Quote:
Originally Posted by emellaich
Sirbruce, can you help me understand this? I don't use calibre to deliver blogs, but I thought you would either deliver the blog by a USB connection, or by a web connection -- doesn't Calibre have the capability to allow you to set up a personal web server somehow???? Does Feedbooks.com provide another alternative for reading blogs?
|
Kindle comes with a free browser. You can use it to read blogs in "realtime", so to speak, like any page on the Internet, if you want. But that's somewhat slow, since you load each page over the Internet.
Amazon has a subscription service where you read blogs directly as files *on the Kindle itself*. Basically, whenever the feed updates, it sends the update wirelessly to your Kindle, and deletes the old ones off the end. The RSS entries are like a series of articles in a "magazine". It's basically a way to get blogs in a convenient package that downloads automatically; you don't need to go web-surfing.

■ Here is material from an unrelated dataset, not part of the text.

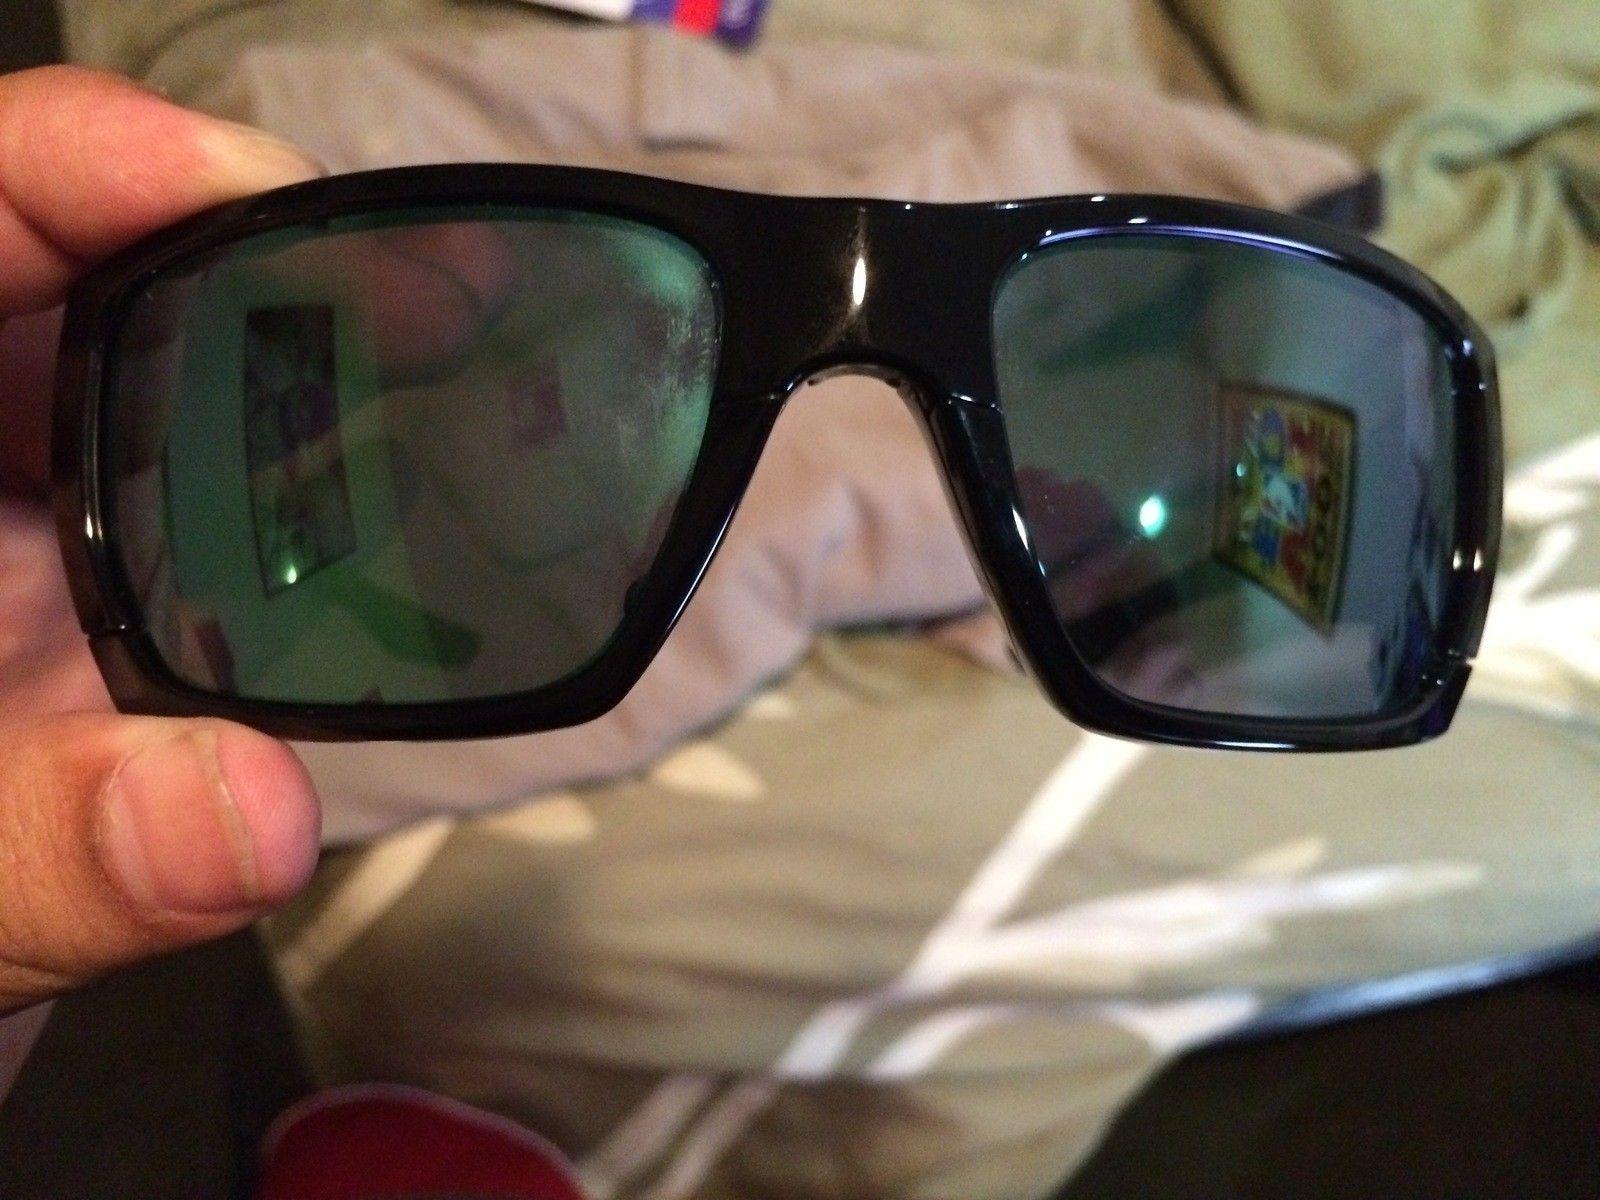 Style Switch - multiple lenses - under $40 - 2015-05-29 19.50.28.jpg

Calibre has a feature where it can turn RSS feeds from blogs into a "magazine" just like Amazon does. Obviously you need Calibre running on your computer to do this. Now, you can simply download the resulting files from your computer via USB for free. In this way you can read the blogs in a non-realtime manner. For example, before you go to work every day, boot up your computer, run Calibre, download blog entries, USB them to your Kindle, take your Kindle to work, read them at work.
You can also, with Calibre, use a feature to email these blogs wirelessly to your Kindle via Amazon. Amazon charges for this service as I stated before. This has nothing to do with blog subscription fees and is purely an email fee due to the way Calibre is trying to simulate what Amazon does. When it was free, this made some sense; now, I don't see much advantage in it.
Quote:
Originally Posted by enarchay
I really don't know on this since I don't read blogs or use feedbooks.com. I'm just trying to educate myself and clear up my confusion.
|
I don't read blogs on my Kindle so I really can't explain the fascination in it.